The unfortunate reality of the housing market and current economic state is that no one really knows what to expect from the next year. Forecasts for the real estate housing market in 2023 greatly vary by source. According to KPMG, a leading consulting firm, and data powerhouse, we can anticipate the average US home price to drop by 20%, while others have more optimistic perspectives.

Realtor.com’s 2023 housing market forecast projects a 5.4% increase in the existing home median price and a complimenting 22.8% increase in inventory. However, while mortgage rates remain high and sellers are unmotivated to sell, it’s hard to imagine these projections becoming a reality.

Rental Rates Will Continue Up

Year-over-year rent growth slowed to a single-digit pace in the late summer of 2022 but is still higher than pre-pandemic levels. The national quarterly rental vacancy rate has been near historic lows for five quarters and recently dropped to 5.6%. Despite this increase, US renters continue being challenged by limited supply and excess demand that will keep upward pressure on rent growth over the next 12 months, especially in urban cities near big metros. Realtor.com expects rents to rise 6.3% nationally this year, which is great news for active residential investors.

The Housing Market is Resilient

While economic and interest rate conditions are certainly impacting the real estate market, it remains resilient. We expect some markets to experience considerable growth in the coming year while overvalued markets will experience corrections. Housing markets that investors should be warry about include Phoenix, Boise, San Francisco, Austin, Seattle, Las Vegas, Denver, and Salt Lake City.

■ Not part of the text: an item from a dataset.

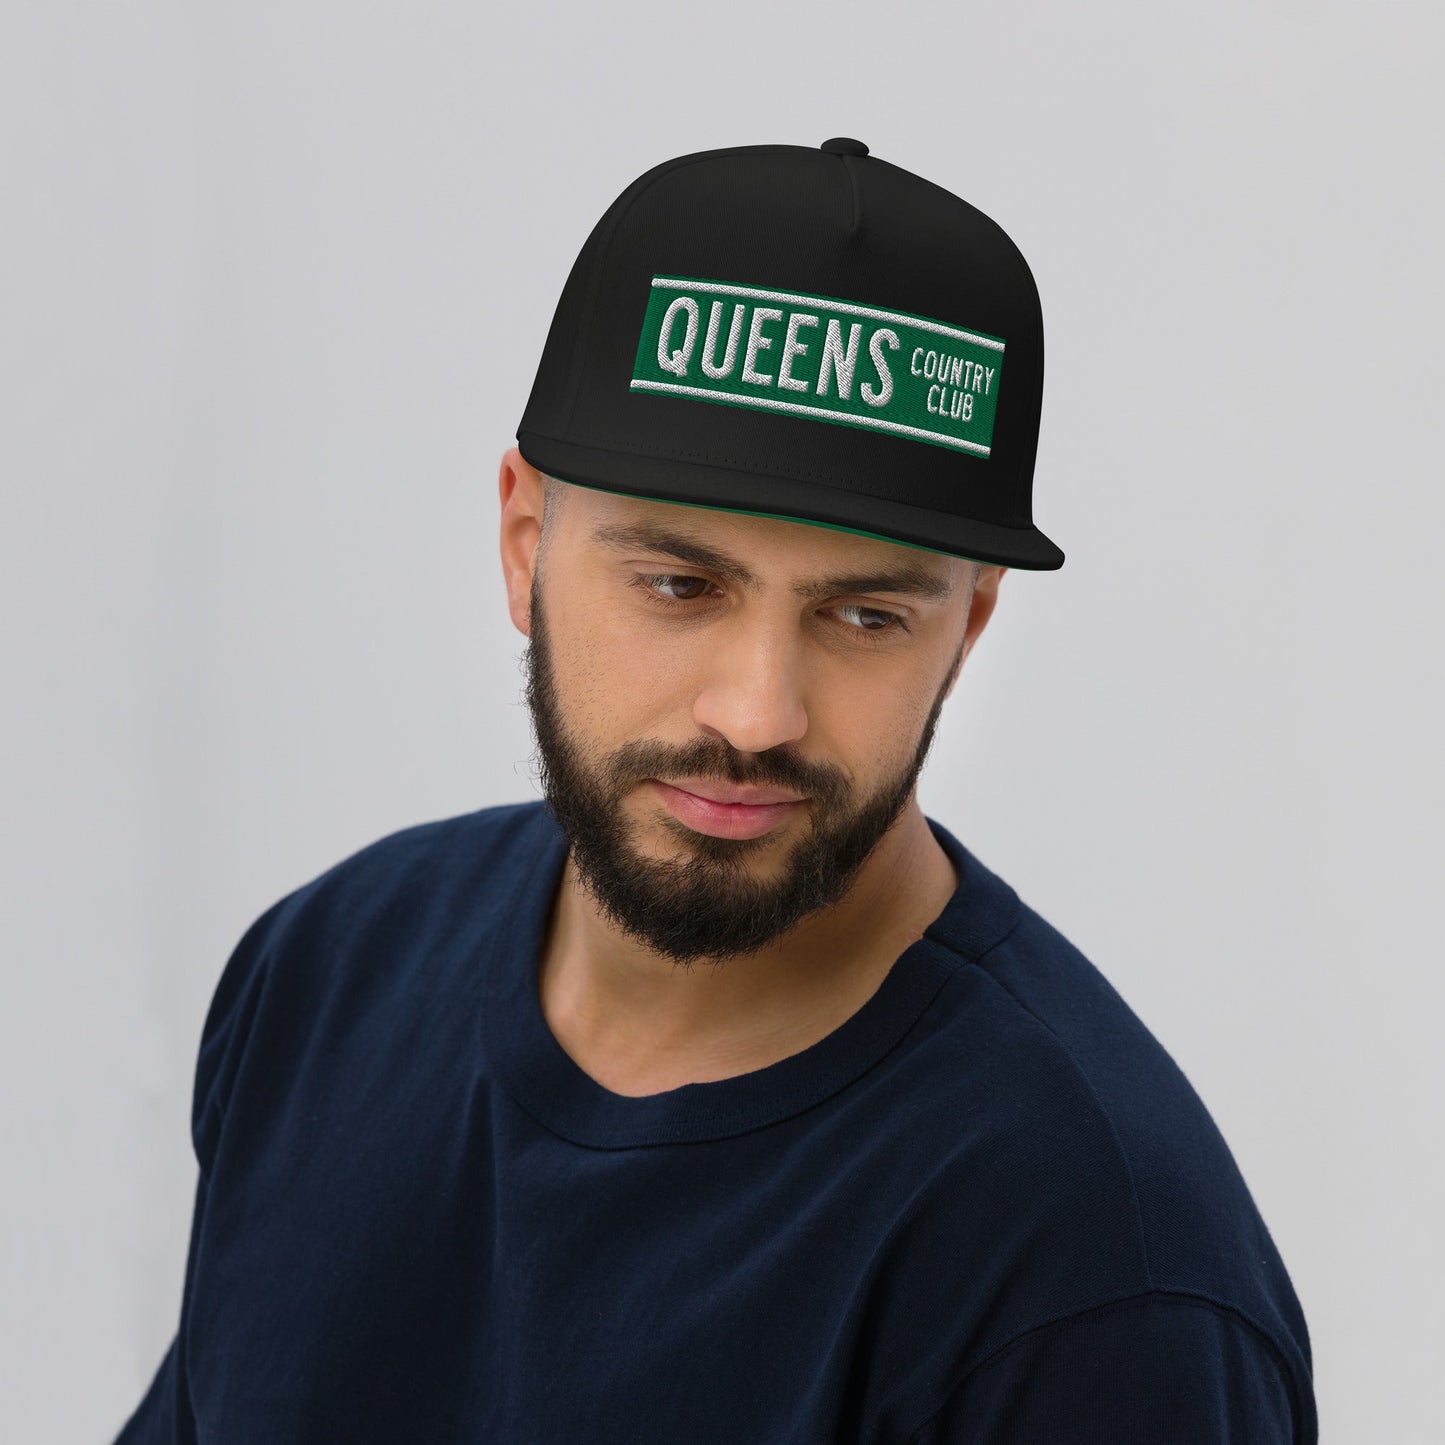 Queens CC Street Sign Flat Bill Cap by Queens Country Club

Surprisingly, cities that are expected to have the most growth are tertiary markets, including El Paso, Louisville, Buffalo, Augusta, Grand Rapids, and Columbia.

The US housing market is precarious, but high homeowner equity, wage growth, and household wealth will help buffer the market. Expect housing prices to cool throughout the real estate market in 2023 as buyers adjust to higher debt costs as the country faces a likely recession.